“They came,” I said without turning around, “to tell me that your husband’s been murdered.”

2

Oh, right, like you’ve never done it.

I don’t mean the stonewall-the-cops-while-the-dead-man’s-wife-is-lathering-herself-in-your-shower thing. I mean the other thing, the important thing. There is much that is easy in this world: downloading porn, stealing cable, Serbian girls, you know what I mean. But of all that is easy in this world, nothing is easier than falling into bed with an old lover.

“Victor, is that you?”

“It’s me all right,” I had said into the phone, the soft, level voice on the other end of the line disturbingly familiar. This was before, weeks before.

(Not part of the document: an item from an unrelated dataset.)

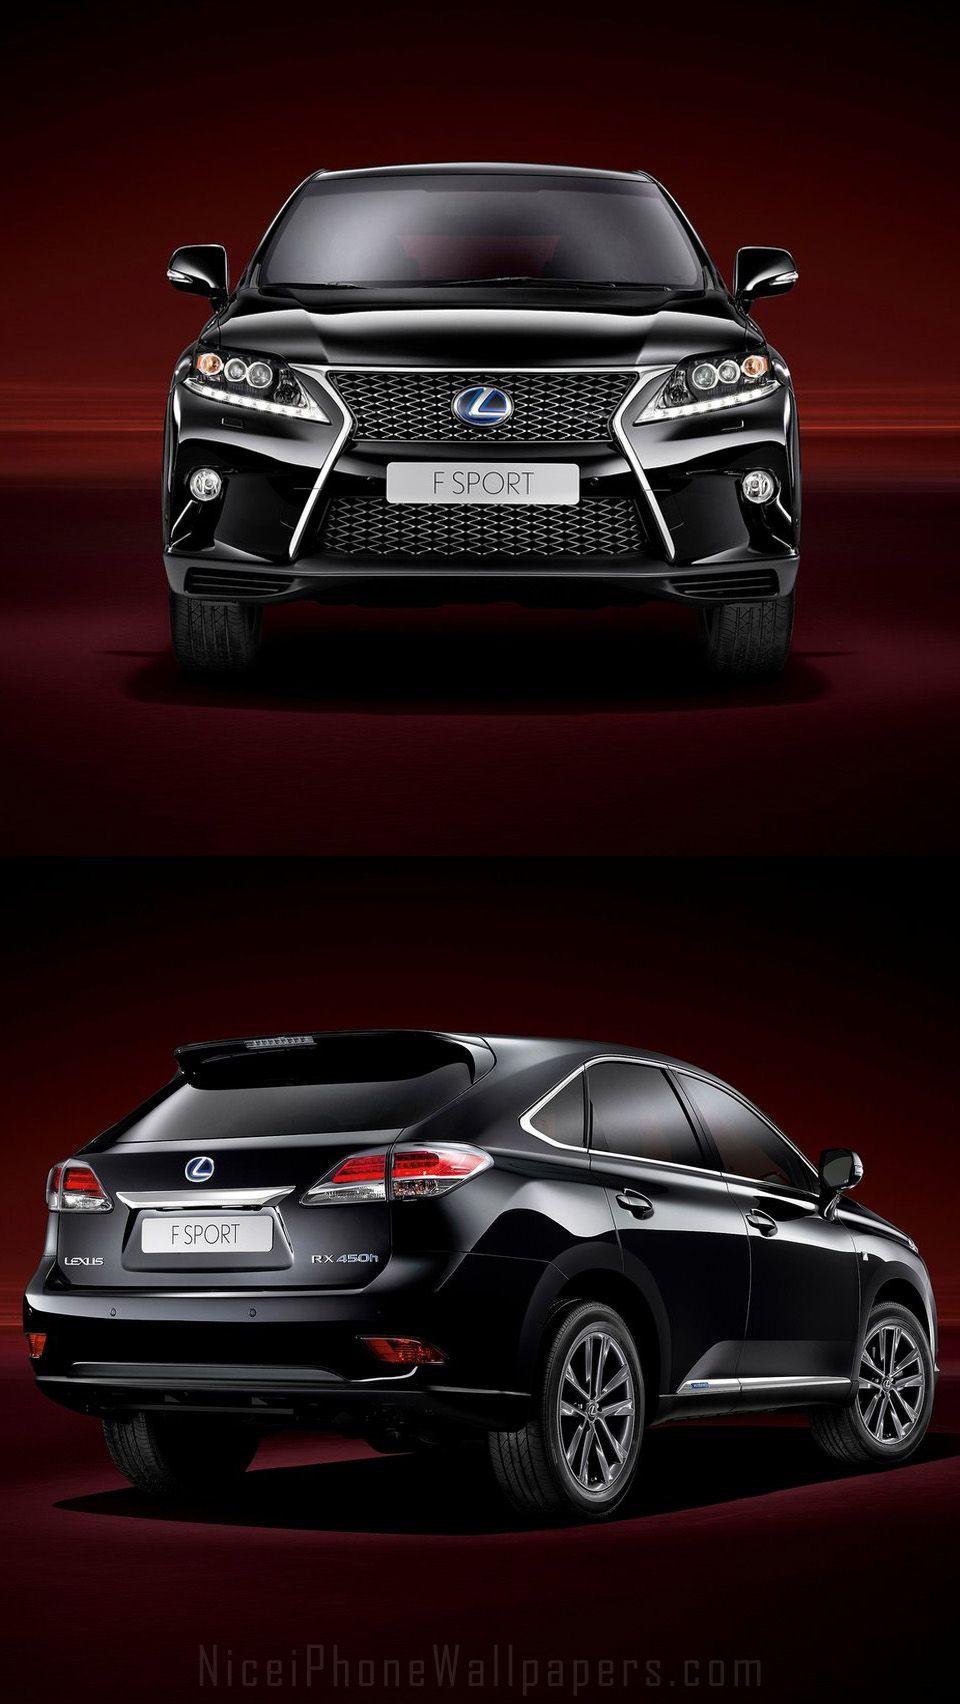 Lexus Rx 450h 2013 Iphone 6 6 Plus Wallpaper

“Hi,” said the voice. “How are you?”

“Fine, I suppose.”

“You don’t recognize me.”

“Not really.”

“I should be insulted, but it has been a long time. It’s me,” she said. “It’s Julia.”

My heart just then held its breath as it dived into dark, cold waters.

“Hello?” she said. “Are you still there?”

“I’m here.”

“It’s me.”

“Okay.”

“Do you have anything to say to me?”

“Let me turn down the television.”

I pulled the phone from my ear and sat there for a moment. There is always one that gnaws at the bones. You think of her when the alcohol floats you into a tidal pool of regret. You dream of her still. In the simplest of moments, waiting for an elevator, mailing a letter, the memory of her slices into your heart as naturally as a breath.

“Okay, I’m back,” I said.

“Are you still mad?”

“That’s a funny question. You get mad when your fiancée flirts with your old pal Jimmy. I think what happened sort of transcends mad, don’t you?”

“Is that why you’re sending me the letters?”

“What letters?”

“Maybe we should get together and talk about it.”